— Отходим! — выкрикнул Мансур.
Отряд перелез через переднюю стенку укреплений как раз тогда, когда им навстречу прискакал Истаф со своими конюхами и запасными лошадьми. Они галопом помчались назад и проскочили через городские ворота; бин-Шибам не отставал.
Уже в городе они обнаружили, что потеряли пять человек убитыми и еще дюжина оказалась ранена. На рассвете стало видно, как турки раздели тела убитых повстанцев и бросили их на передней стене укреплений.
Мансур и бин-Шибам сумели испортить только два орудия, и оставшиеся восемь снова открыли огонь.
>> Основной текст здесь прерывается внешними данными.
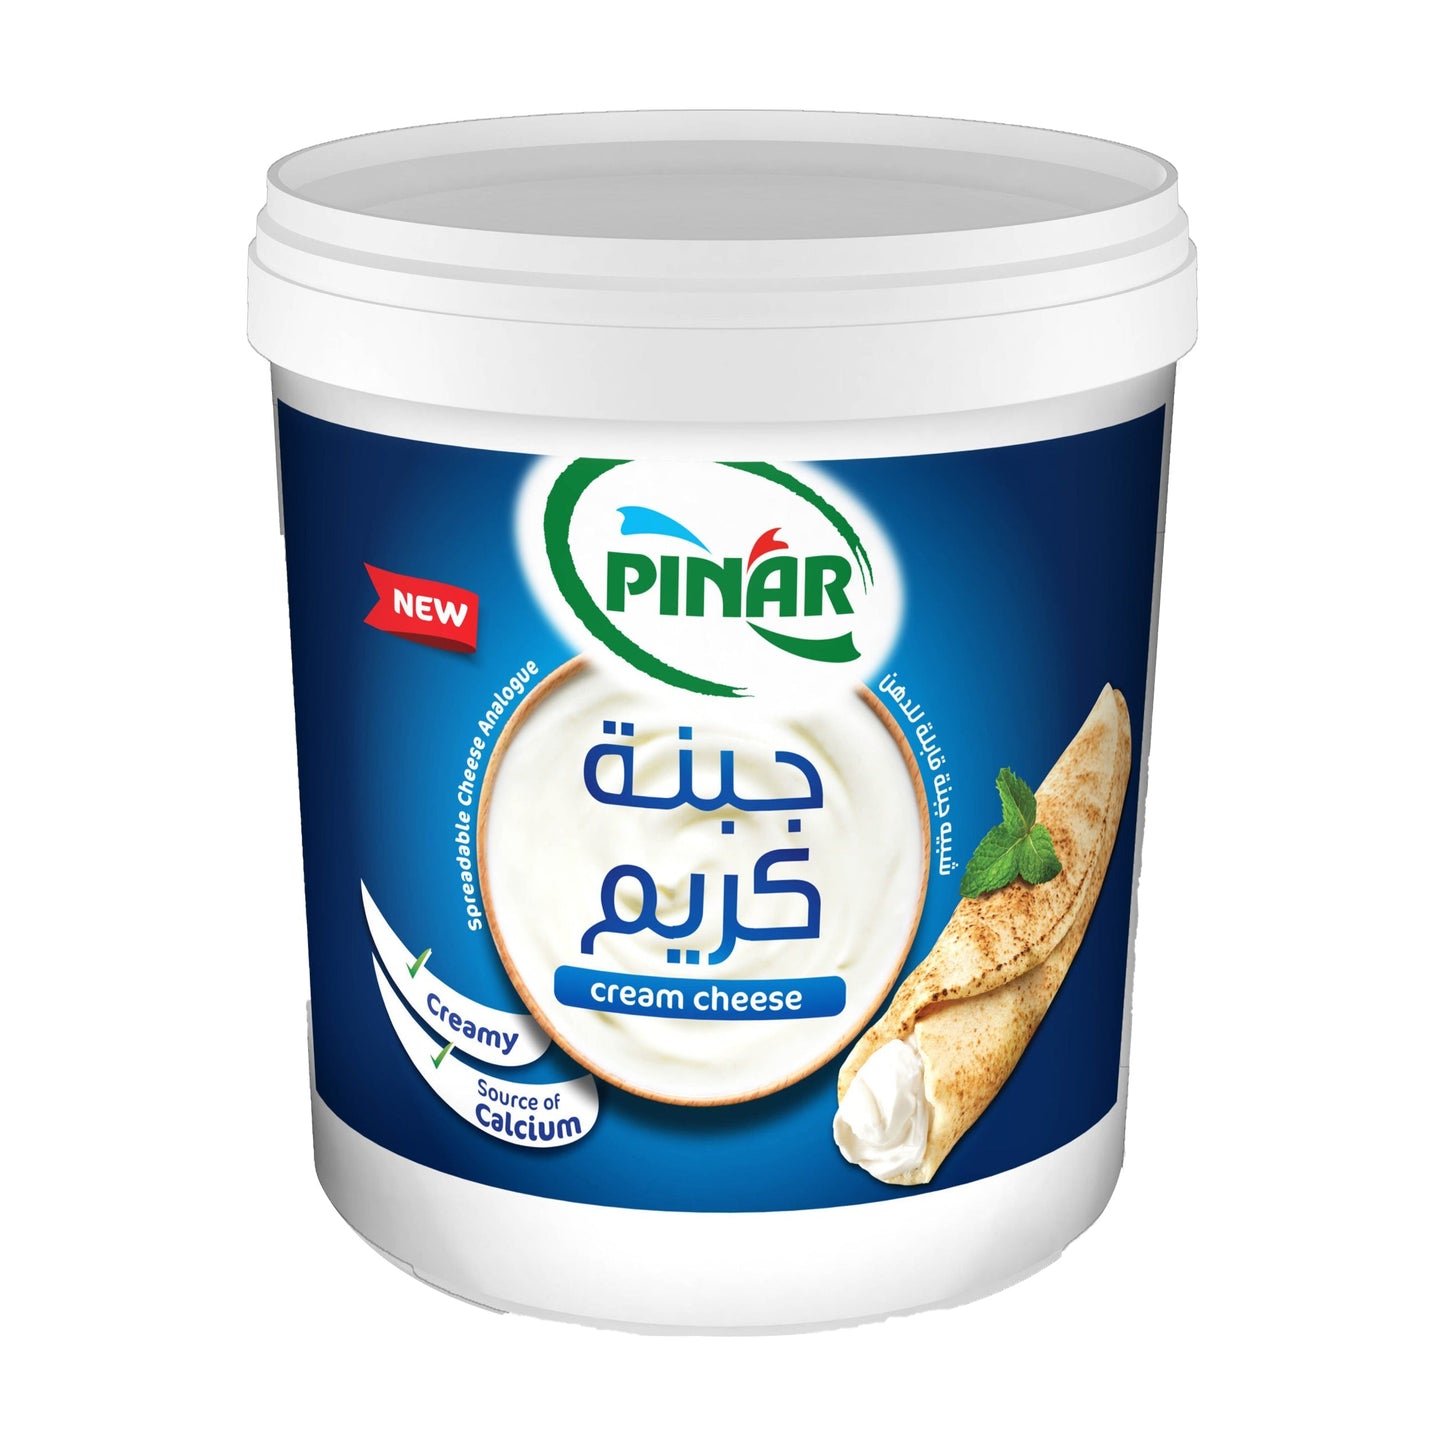 Pinar Cream Cheese Spread 1kg Bucket

Через несколько часов каменные ядра разнесли все то, что было сделано в течение ночи. В середине дня один удачный выстрел заставил обрушиться двадцать футов стены, превратив ее в груду извести и щебня. Оглядывая с минарета разрушения, Дориан решил:
— Еще не больше недели, и Зейн сможет начать вторжение в город.
В ту ночь две сотни авамиров и дахмов оседлали лошадей и уехали из города. На следующий день муэдзин по обычаю воззвал к правоверным с минарета главной городской мечети. Откликнулись обе стороны: большие орудия прекратили огонь, турки сняли круглые шлемы и преклонили колена в пальмовых рощах, в то время как на парапетах городской стены защитники сделали то же самое. Прежде чем присоединиться к богослужению, Дориан иронически усмехнулся при мысли, что обе стороны молились о победе одному и тому же Богу.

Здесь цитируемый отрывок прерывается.